Coniferous swamps are forested wetlands in which the dominant trees are lowland conifers such as northern white cedar (Thuja occidentalis). The soil in these swamp areas is typically saturated for most of the growing season and is occasionally inundated by seasonal storms or by winter snow melt.

The substrate is usually organic in nature and may contain peat in varying amounts, or it may be composed entirely of muck. The swamp substrate is typically nutrient-rich and neutral to alkaline, but can be acidic and nutrient-poor.
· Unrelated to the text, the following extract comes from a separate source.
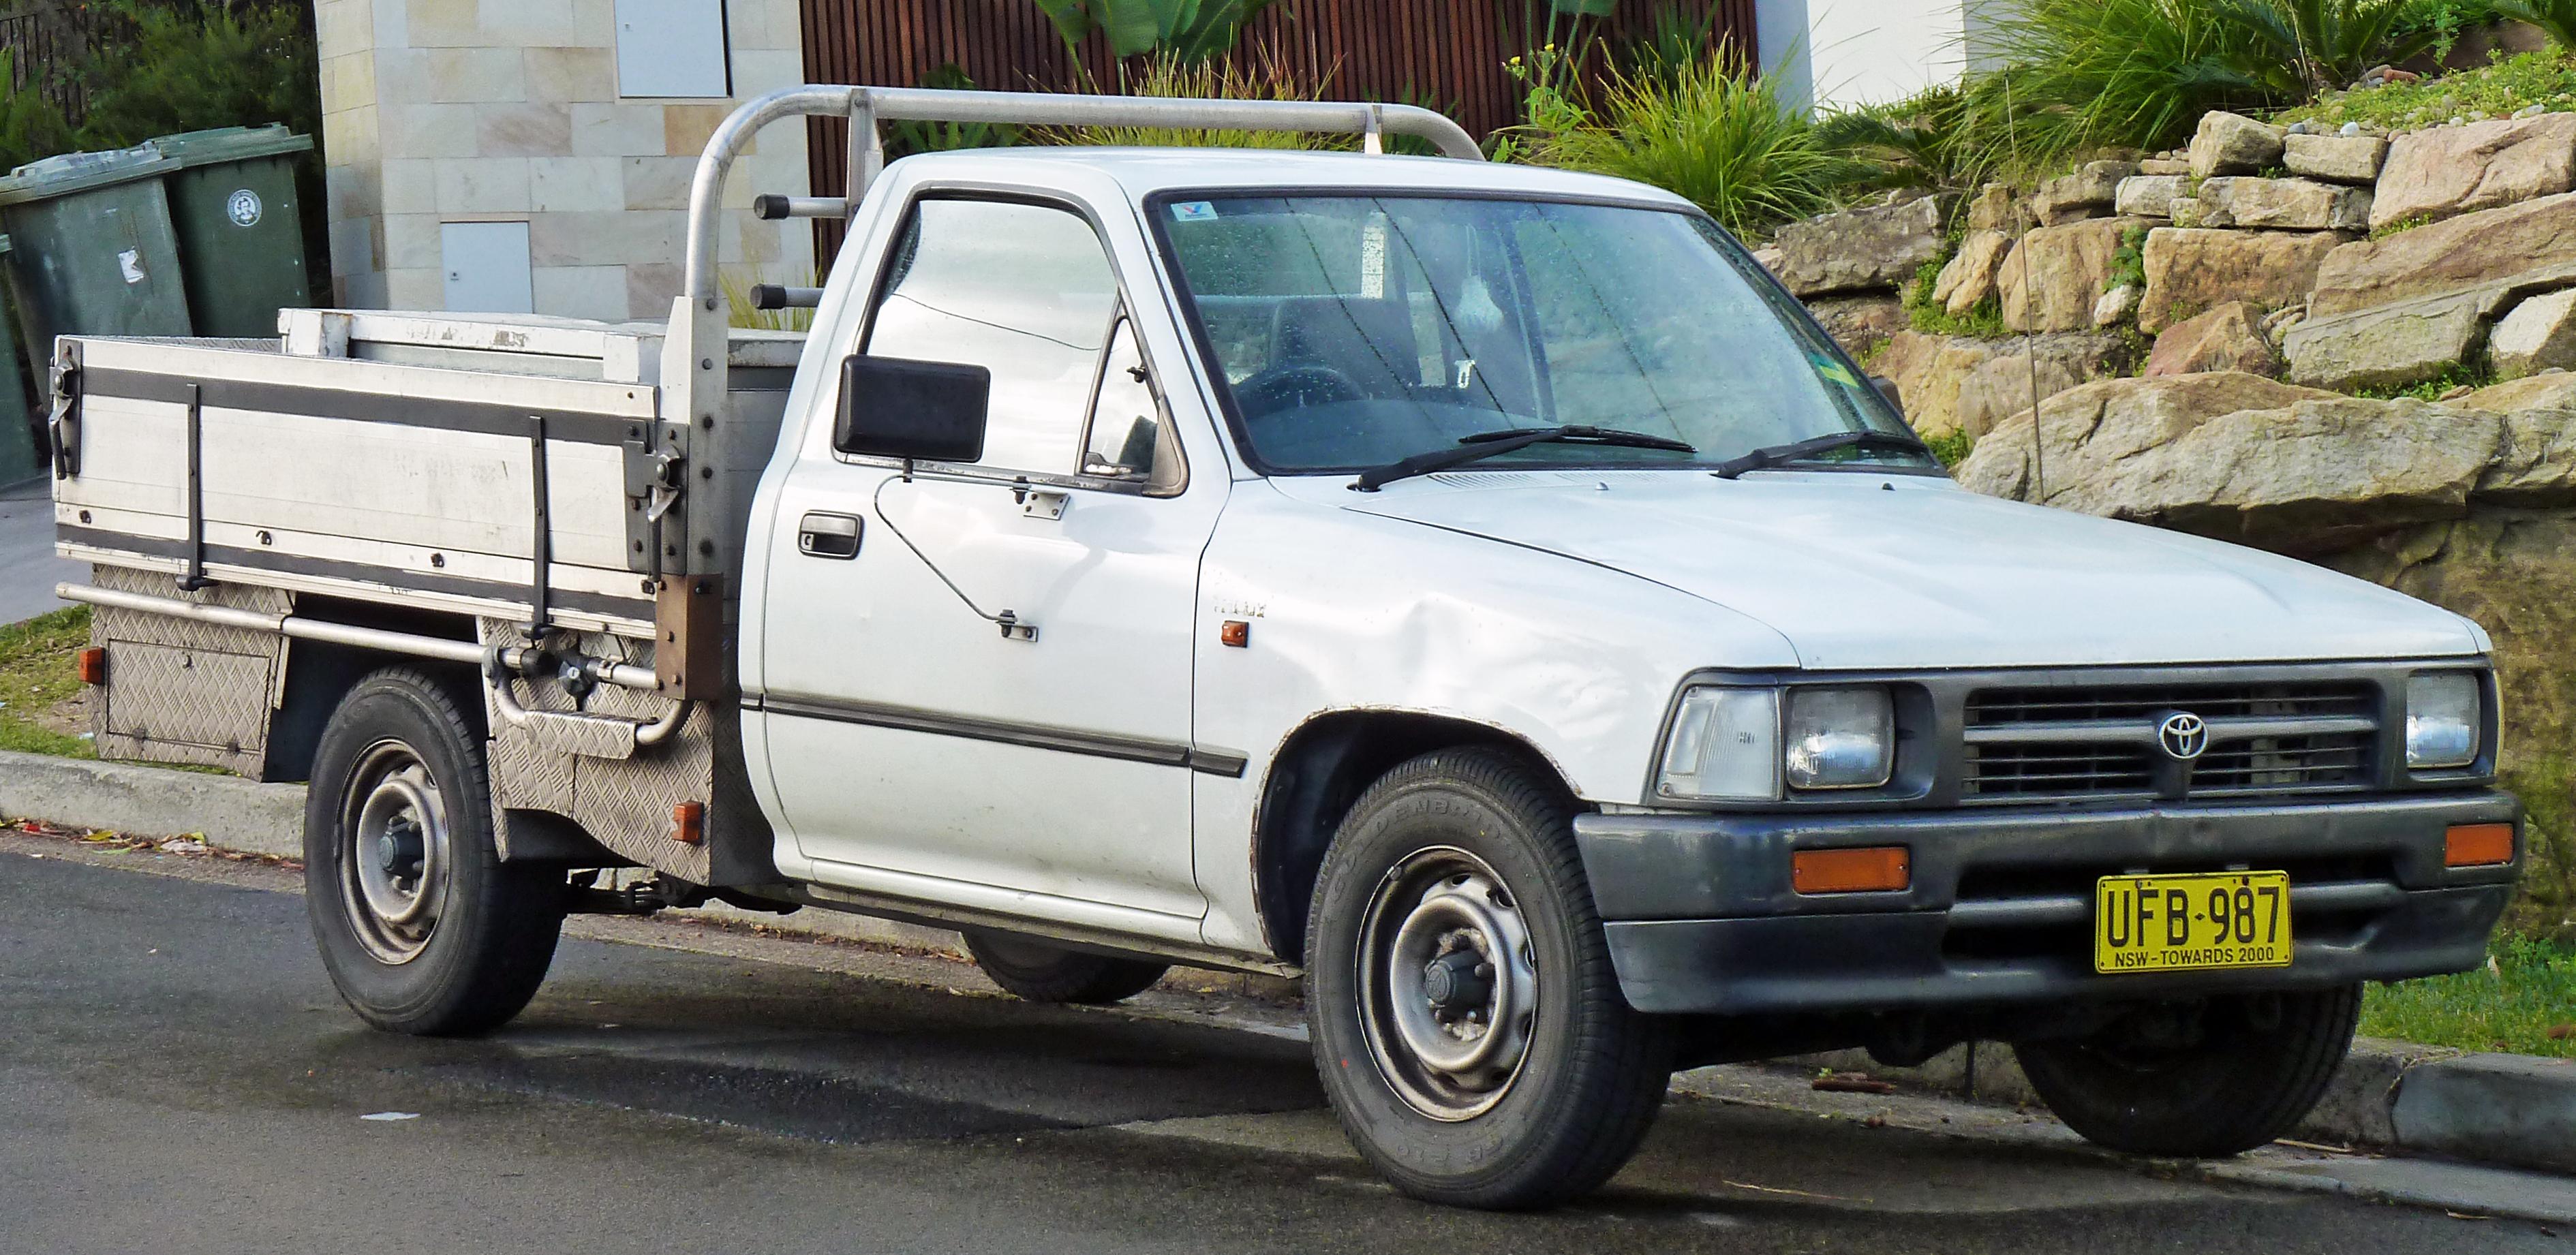 Kelebihan Kekurangan Toyota Hilux 1994 Top Model Tahun Ini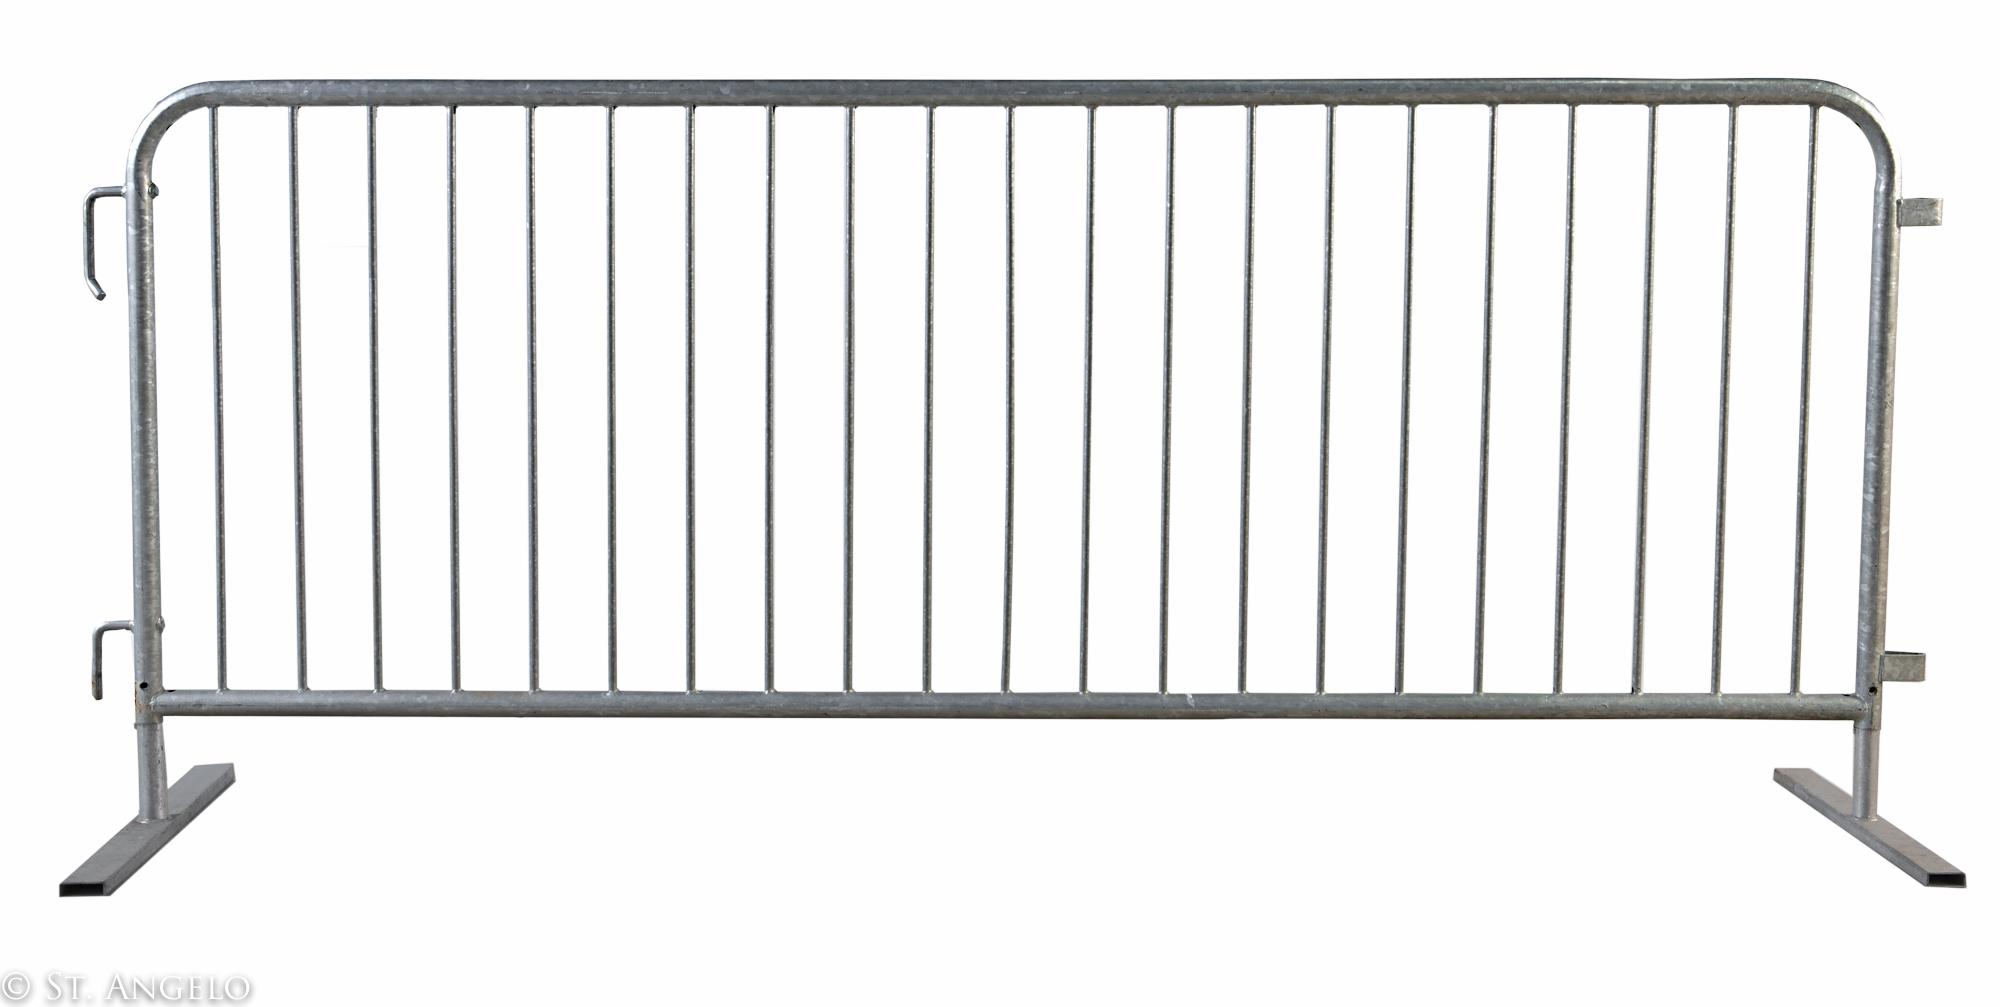 Barricade 3.0.3

Coniferous swamps vary in composition, with different species of conifer dominating, and varying amounts of deciduous hardwoods growing within the swamp. A wide diversity of plants is represented within the swamps, with certain species dominating in a variety of microhabitats dependent on factors such as available sunlight (as in cases of trees downed by wind or disease), Soil pH, standing groundwater, and differences of elevation within the swamp such as tussocks and nurse logs.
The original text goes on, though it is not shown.